CUDA 3.3 suggested improvements.

I hope will have:

*3d grid support now ptx files contain correctly code but runtime fails
*3d surface writes
*2d texture arrays and 2d surface arrays
*Some form of pointing grid and block sizes from gpu mem similar to DispatchIndirect

Also OpenCL
*CL 1.1 support
*3d_image_write extension
*Some extension exposing 2d image arrays and related 2d_image_array_write
*Similar DispatchIndirect extension
*Pinned host mem equivalent for OpenCL
*clCreateEventFromGLsyncKHR efficient ogl interop:

On OpenGL:
*arb_cl_event extension support


I would prefer NVIDIA releasing a quick 3.3 that fixes all the bugs and performance issues with CUDA 3.1 and 3.2.

3.4 can integrate all these new features – just like Intel’s Tick-Tock model (or) Linux Kernel Revisioning

It’s all a matter of nomenclature you could say also 3.2.x to bugfixes similar to Qt numbering scheme…
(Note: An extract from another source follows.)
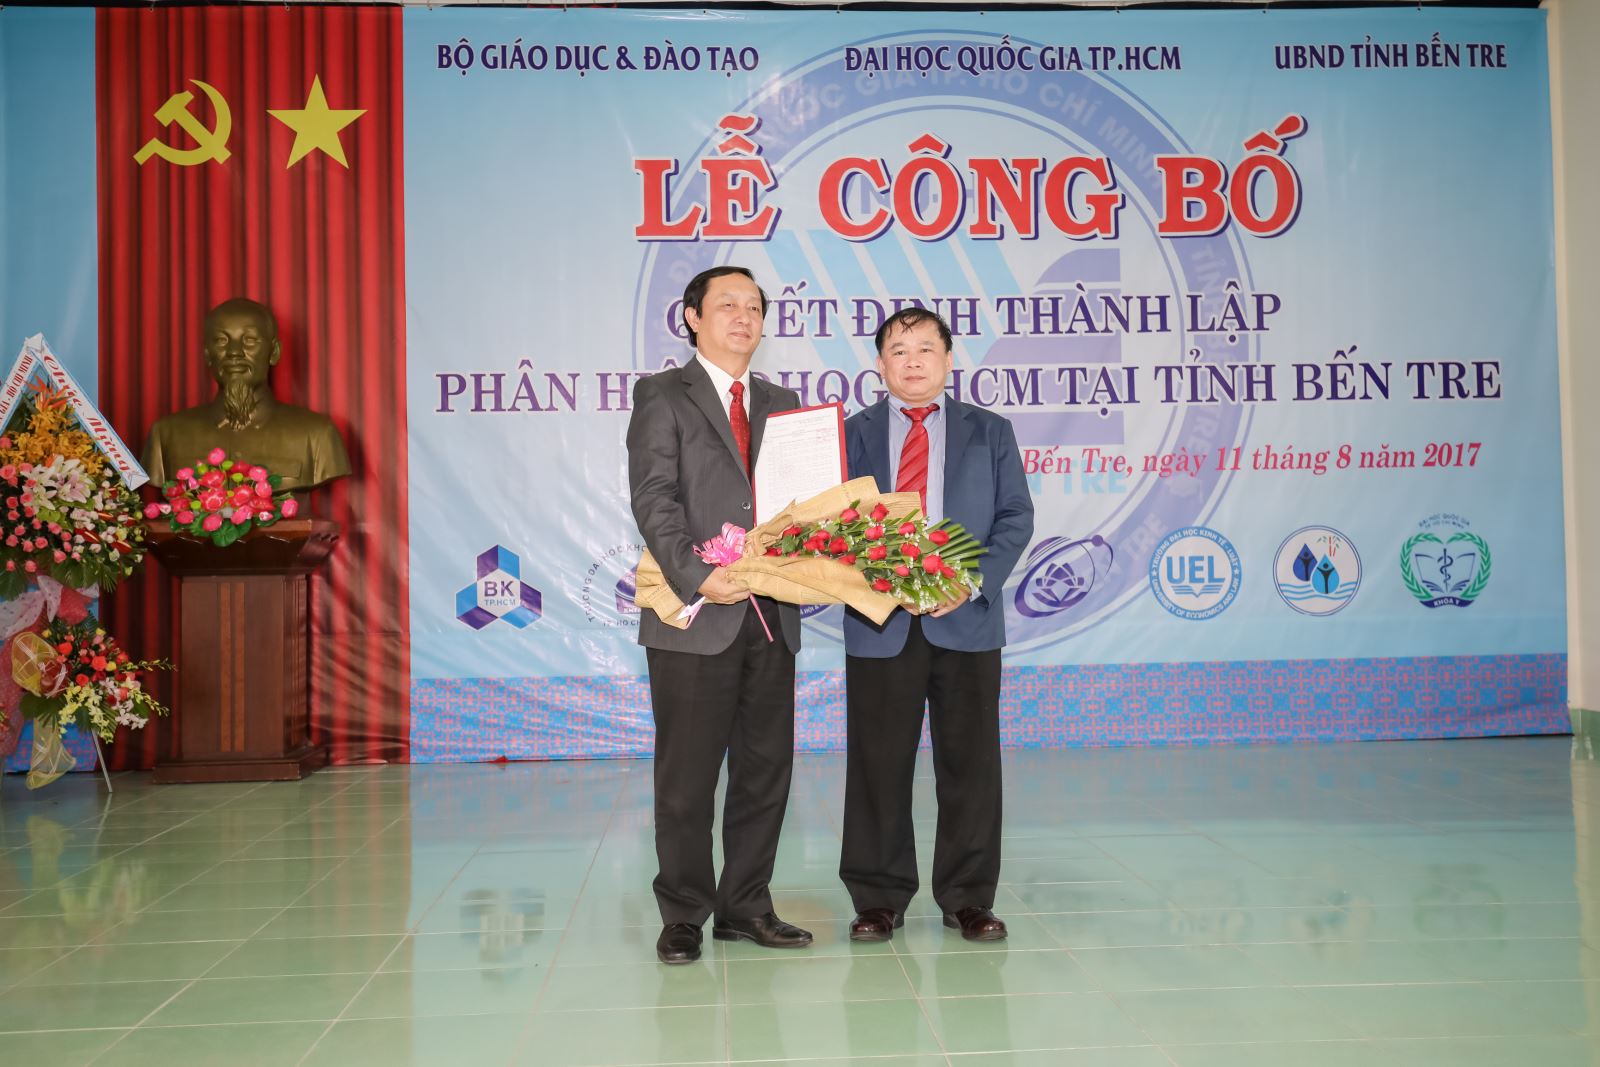 PGS. TS. Vũ Phan Tú giữ chức vụ Giám đốc Phân hiệu Đại học Quốc gia Thành phố Hồ Chí Minh tại tỉnh Bến Tre

Anyway no problem if 3.3 but 3.4 should imply we are at least half a year before seing these that causes me to realize that Nvidia Directcompute driver has this features

since spring 2010 so seems CUDA is not the state of the art platform anymore (well I’m exagerating)…
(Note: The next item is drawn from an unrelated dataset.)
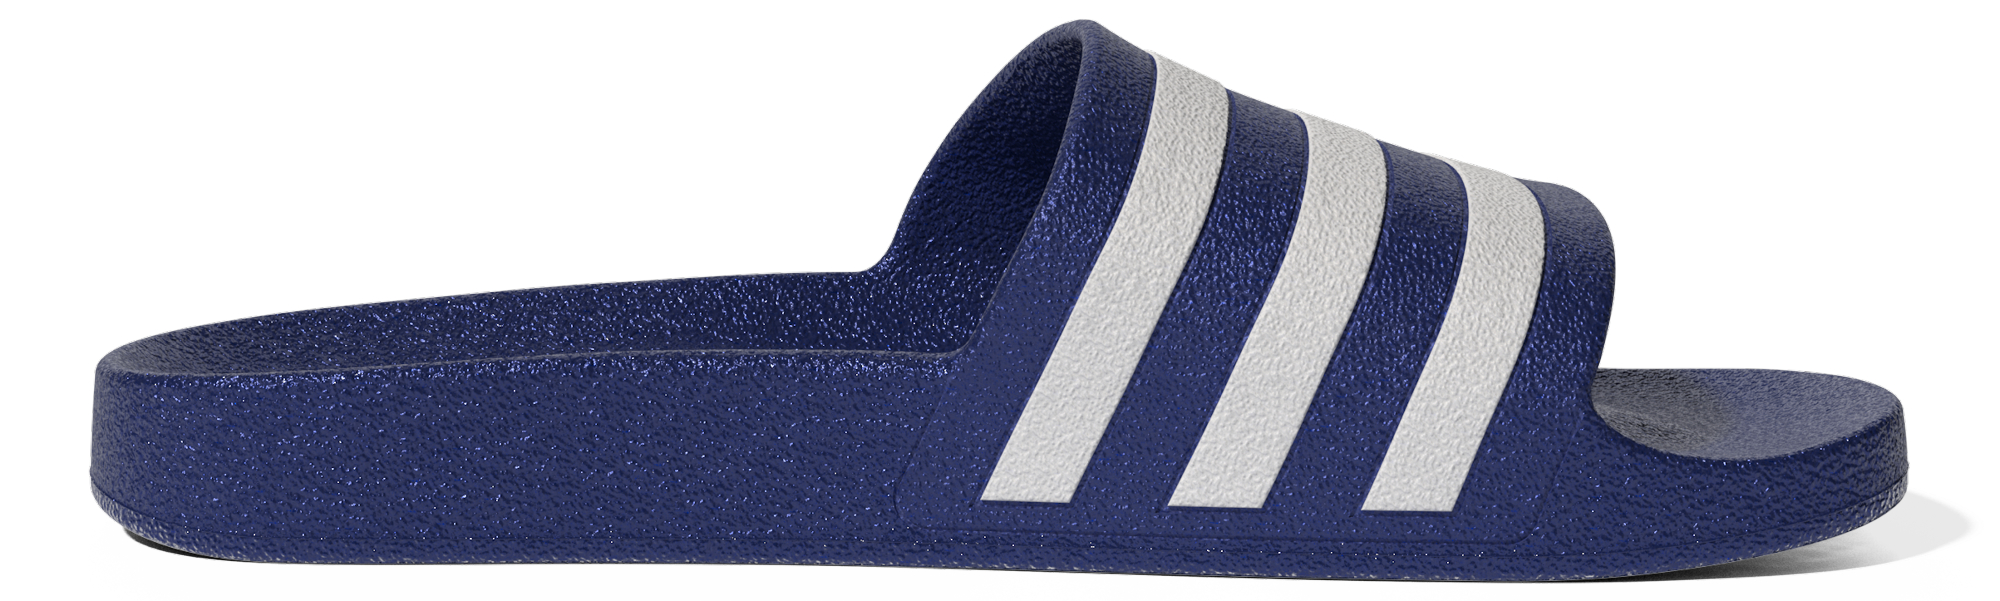 фото Сланцы мужские adidas adilette aqua синие 8 uk

Also before finishing would be good to have some GPU callbacks mechanism (see GTC poster) implemented and also have exposed more efficient CUDA OpenGL interop via events similar to OpenCL 1.1 enhancements pointed before…

Seems confirmed cuda 3.3 will have cuda-gdb for MacOS X just wanting to note…

Mac OS cuda-gdb preview is now available @

I hope you can add finally also VS2010 support now SP1 beta is in place and add fermi support for cuda-gdb on macos!

Share device pointers across host threads!